Entering edit mode
6.7 years ago
donger1103
▴
10
I have a tomato genomic loci list, such as "SL2.50ch01:89425896-89429084", the locis mostly are inside the exons of genes,but some may also within introns or intergenic spacer. I want to perform miRNA target search, so i need to download all the corresponding partial RNA or cDNA sequences first. are there any tools or ideas? many thanks!
Do you want to extract the exact ranges as you give an example for or do you want to first look up those locations, then determine in which gene they reside and then extract the (whole) corresponding gene?
to lieven.sterck, thanks for your reply, i want to extract the sequences (RNA or cDNA, not genomic DNA) of the exact ranges in my loci list, they are partial sequences of genes. thanks a lot. i reply your question here becuase there is no respond when i click "ADD REPLY".
OK, but the coordinates you are talking about are genomic, right? so you just want to extract that range or do you want to link them to the most close-by genic feature?

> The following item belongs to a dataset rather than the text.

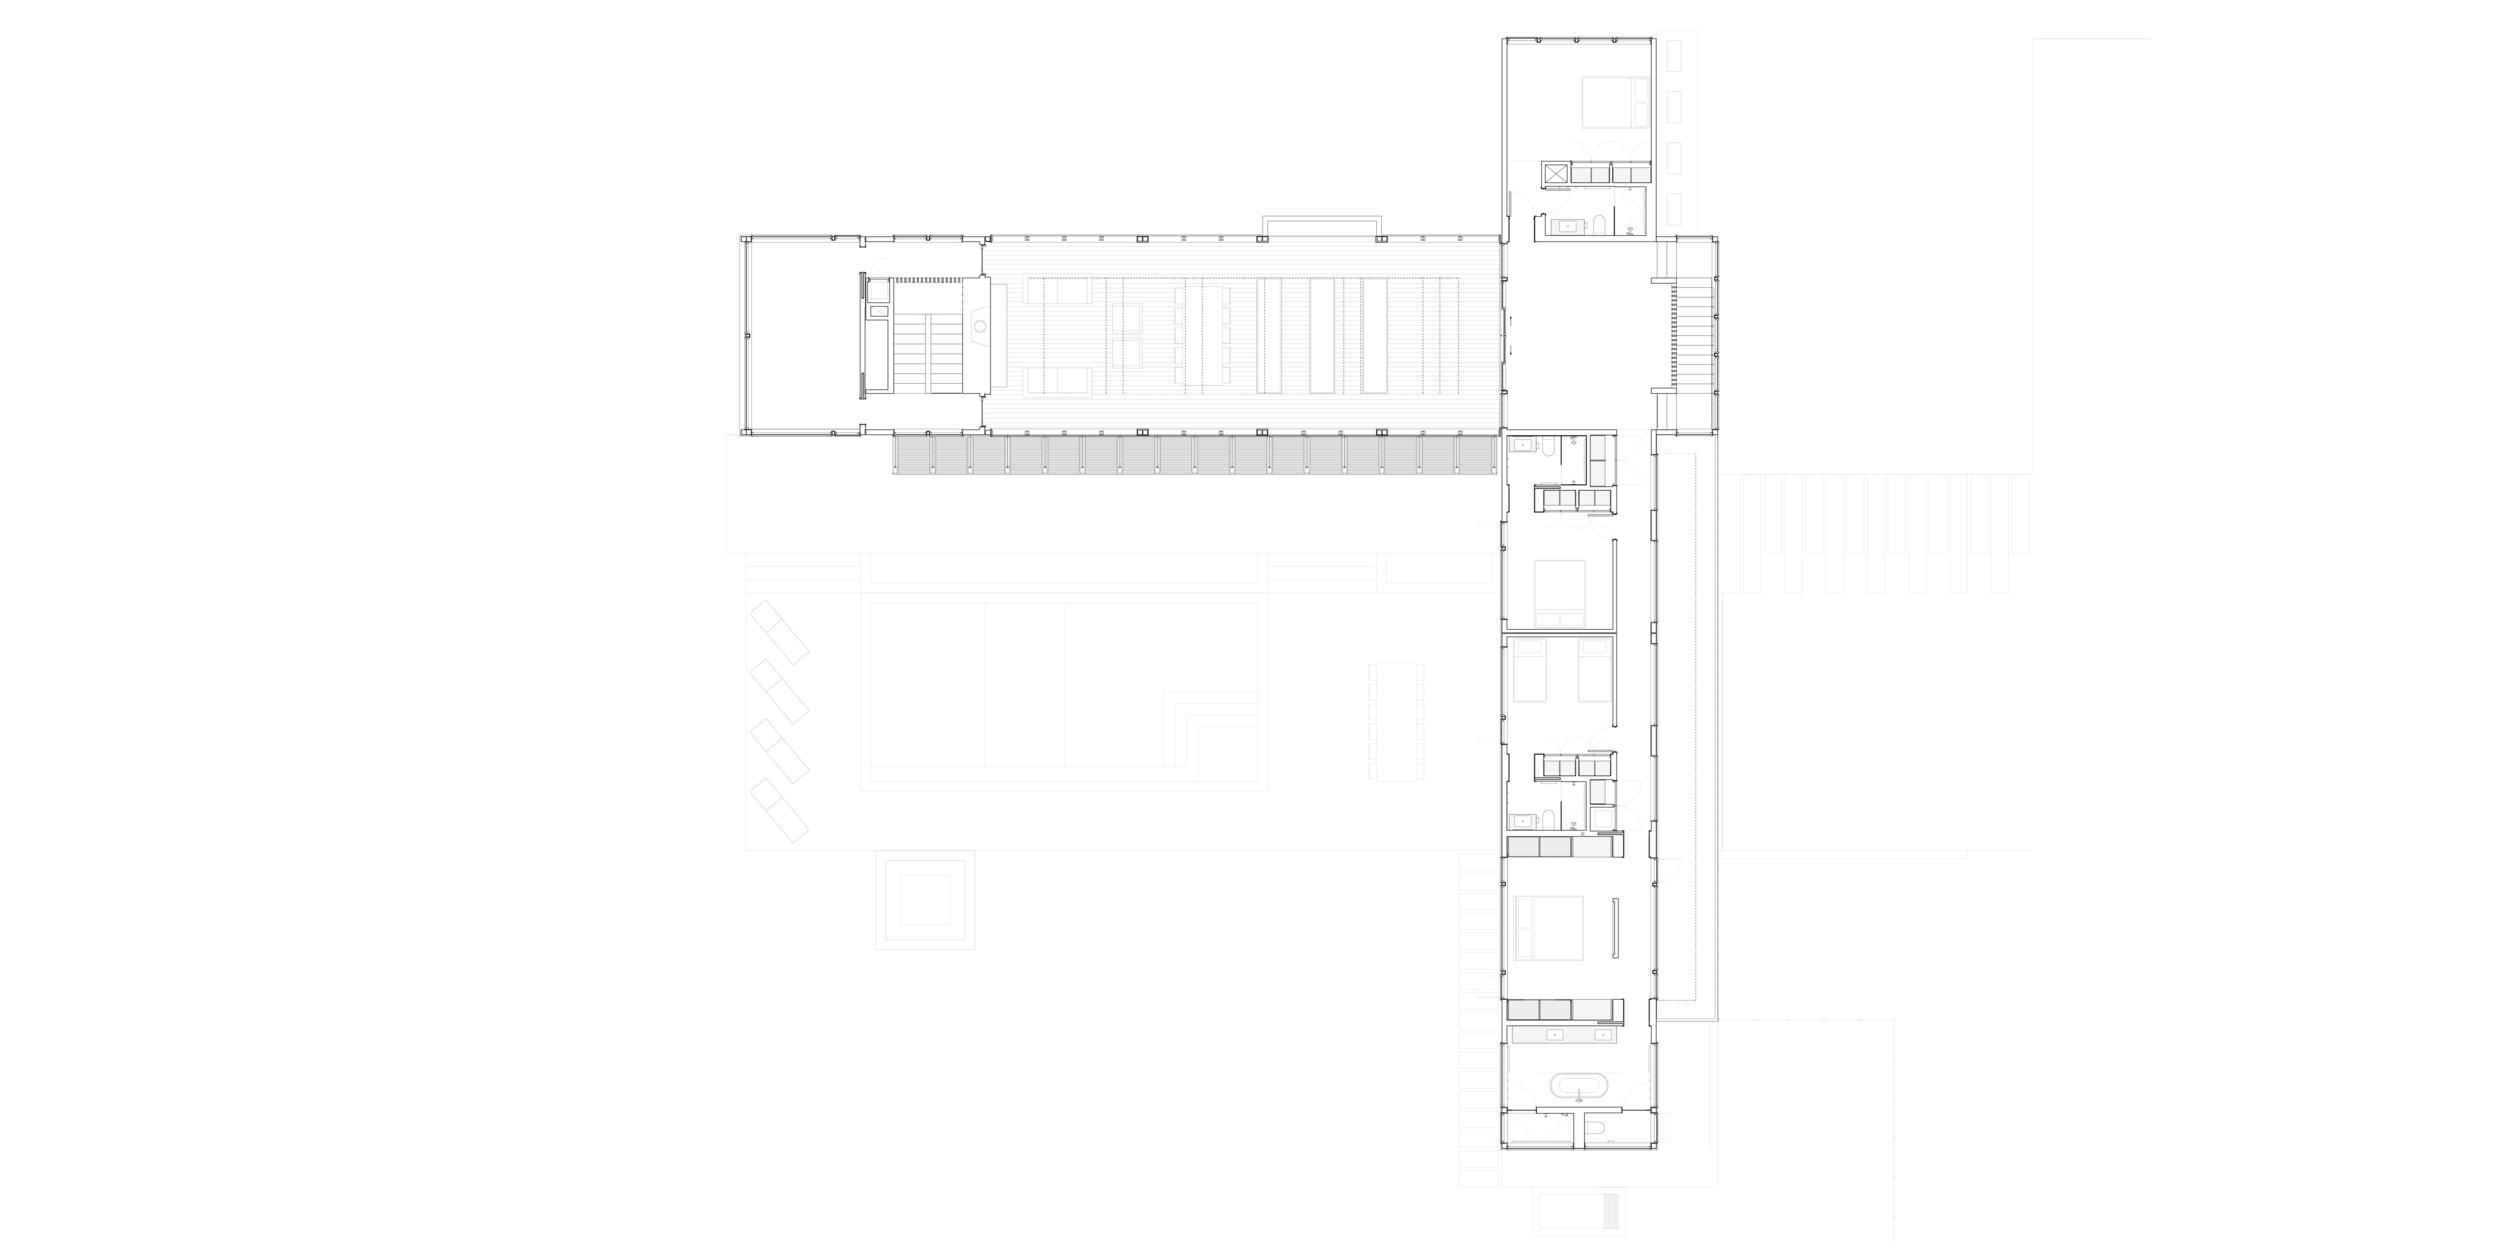 res4-resolution-4-architecture-modern-modular-great-oak-residence-prefab-home-plan-02-second floor.png

to lieven.sterck,thanks again. you are right, the coordinates in my list are genomic, and i just want to extract that range (corresponding RNA or cDNA sequence),besides, it would be better if gene annotation is added. Actually, the coordinates i mentioned are the loci of some circular RNAs, i want to perform the circular RNA-miRNA-mRNA interaction, and my first step is to extract the specific sequences of the circular RNAs and then predict the tomato miRNA targets with tools like psRNATarget. Do you have any ideas? thanks :)
OK, I would get the genomic fasta files local, build a blastDB from them and then extract all the ranges you want with the blastdbcmd cmdline. Not that difficult to loop over your list and select each region. that will give you already all the genomic sequences, to get the corresponding gene annotation might be a bit more cumbersome but you might be able to do that with BED intersect or so.
Thanks you so much, however, i still get the genomic sequences ,not the RNA sequences, right?
You will get genomic sequence corresponding to the coordinates of loci you are interested in. You have said above that they are not necessarily all in coding regions.